Indeed, grafting negatively charged moieties on the nanotube walls proved to be effective in both improving dispersion in water and enabling electrostatic interactions with MB, thus increasing dye-adsorption capacity and kinetics compared to those of pristine MWCNT and even leading to a faster process with respect to that associated with the widely used ACs. This could be interesting for a future application of the material, as the fast removal of the pollutant could speed up whole industrial processes. Moreover, the reversibility of the electrostatic interactions between MWCNT-S and MB was demonstrated by testing the effects of ionic competition in the presence of increasing concentrations of NaCl in solution, which induced a significant reduction in the adsorption capacity.

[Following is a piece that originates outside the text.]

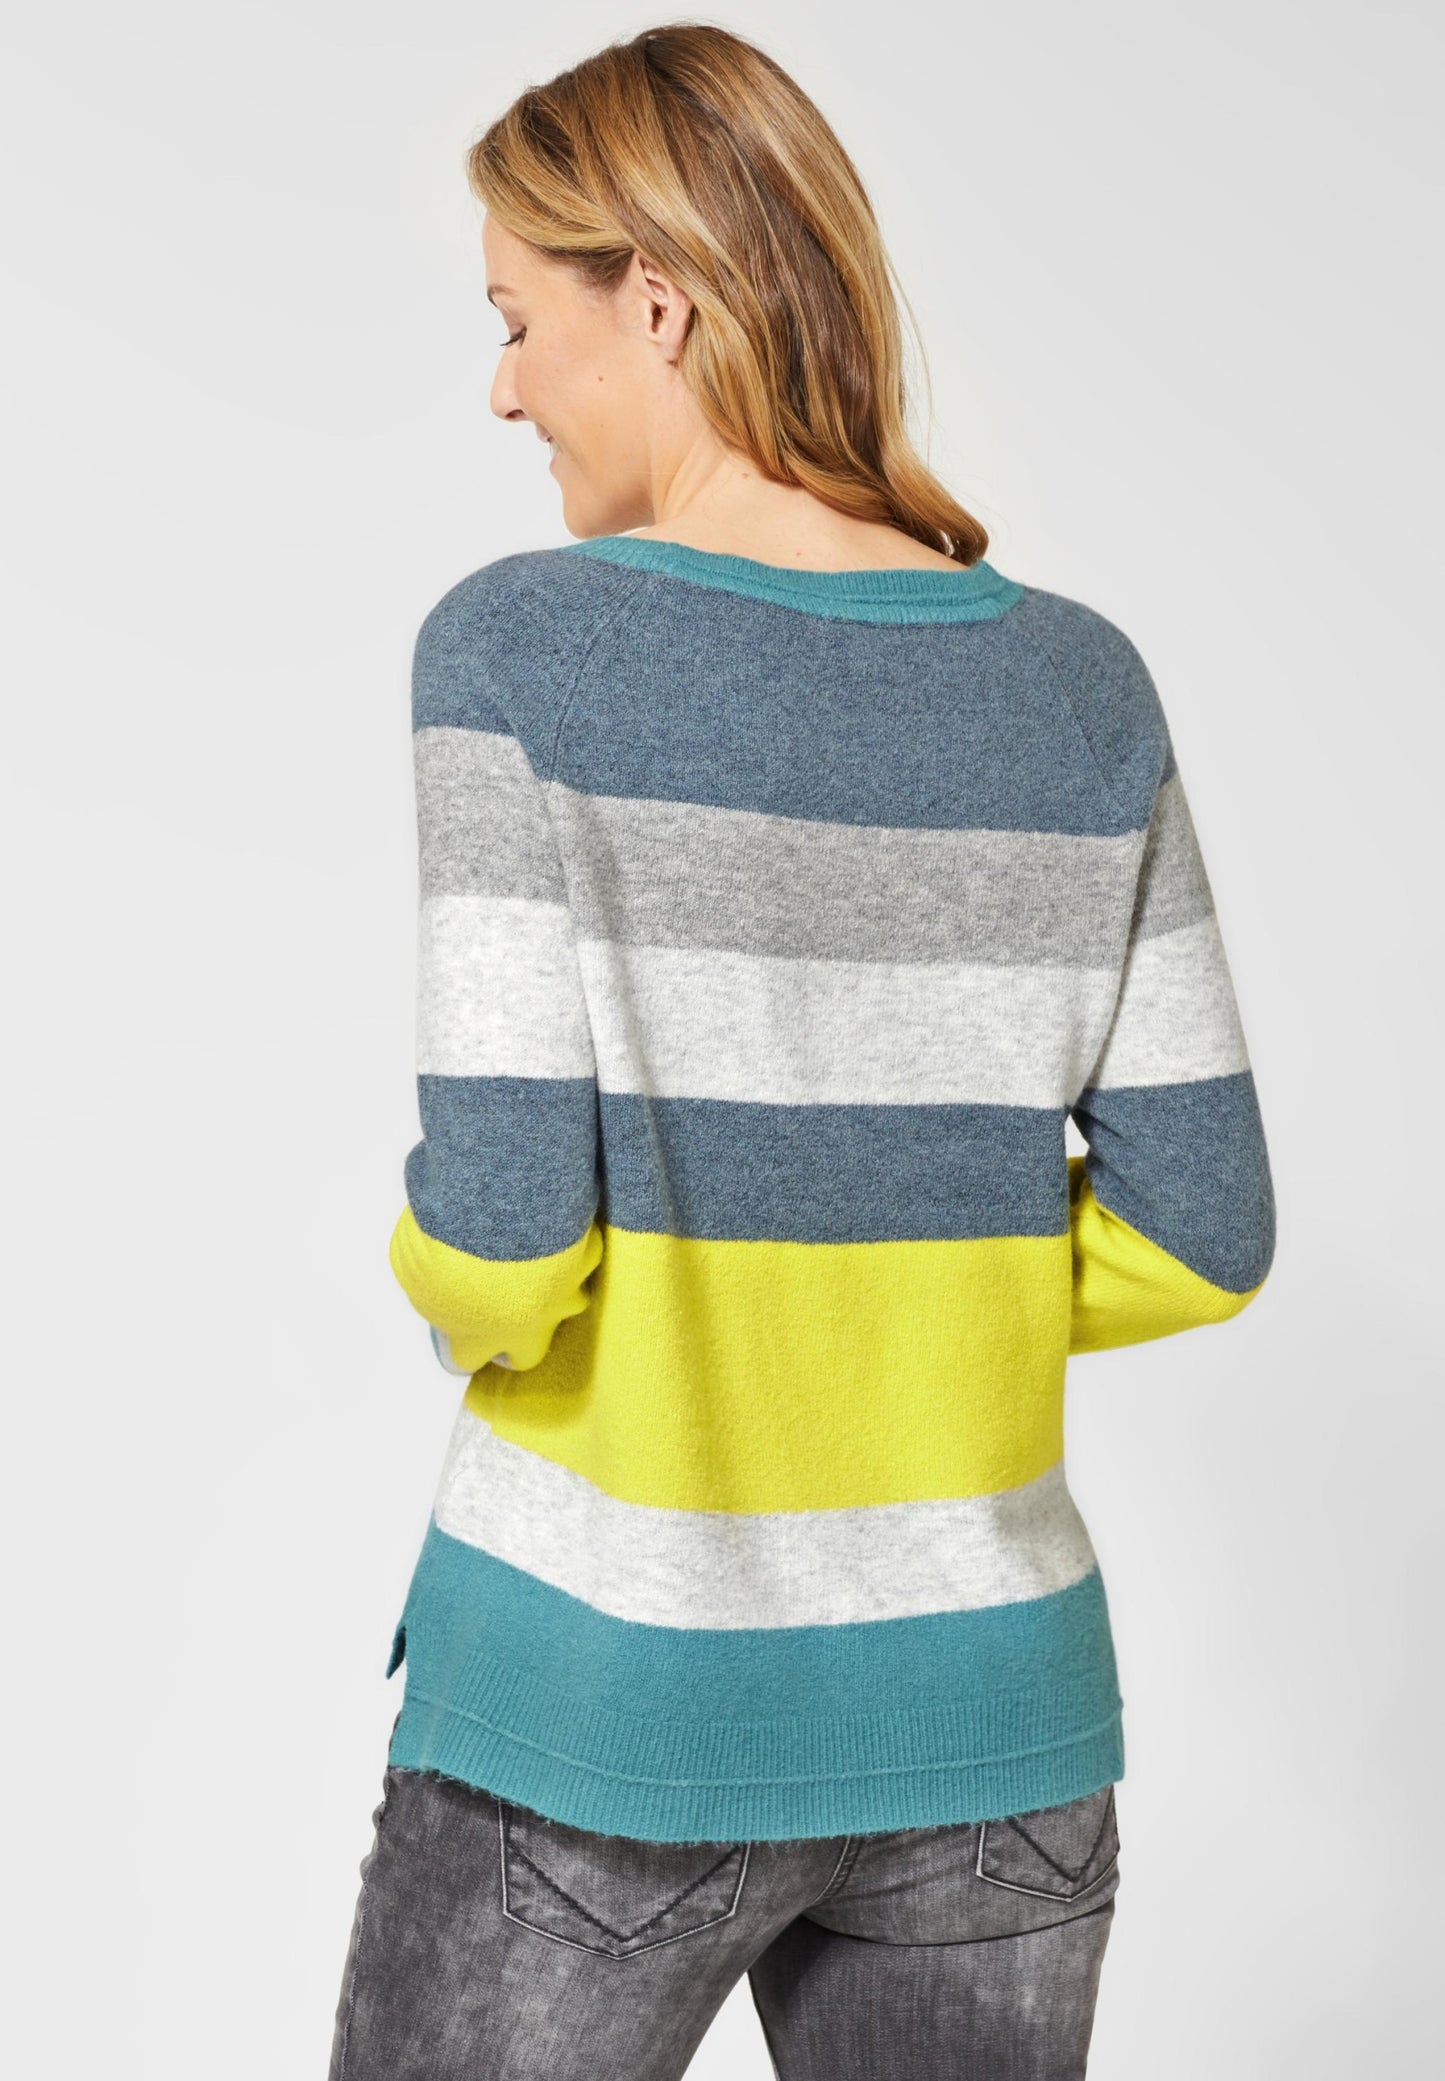 Block stripe sweater

The ability to regenerate the adsorbent through ionic exchange with NaCl was shown in a preliminary test, offering a sustainable and cost-effective solution for water treatment, allowing not only for the reuse of the adsorbent material but also for the recovery of the pollutant. On the other hand, depending on the effluent characteristics, adsorption could be also used as a preconcentration approach to be followed by degradation.

The overall outcomes of this research disclose a variety of prospective applications based on the adsorption of cationic organic pollutants, including industrial wastewater treatment, environmental remediation projects and resource recovery in view of a circular approach.

Specific analysis of the lifetime and the reusability of the adsorbents in real application conditions will be considered to examine the possibility of regeneration in practical use and the cost-effectiveness of the adsorbents.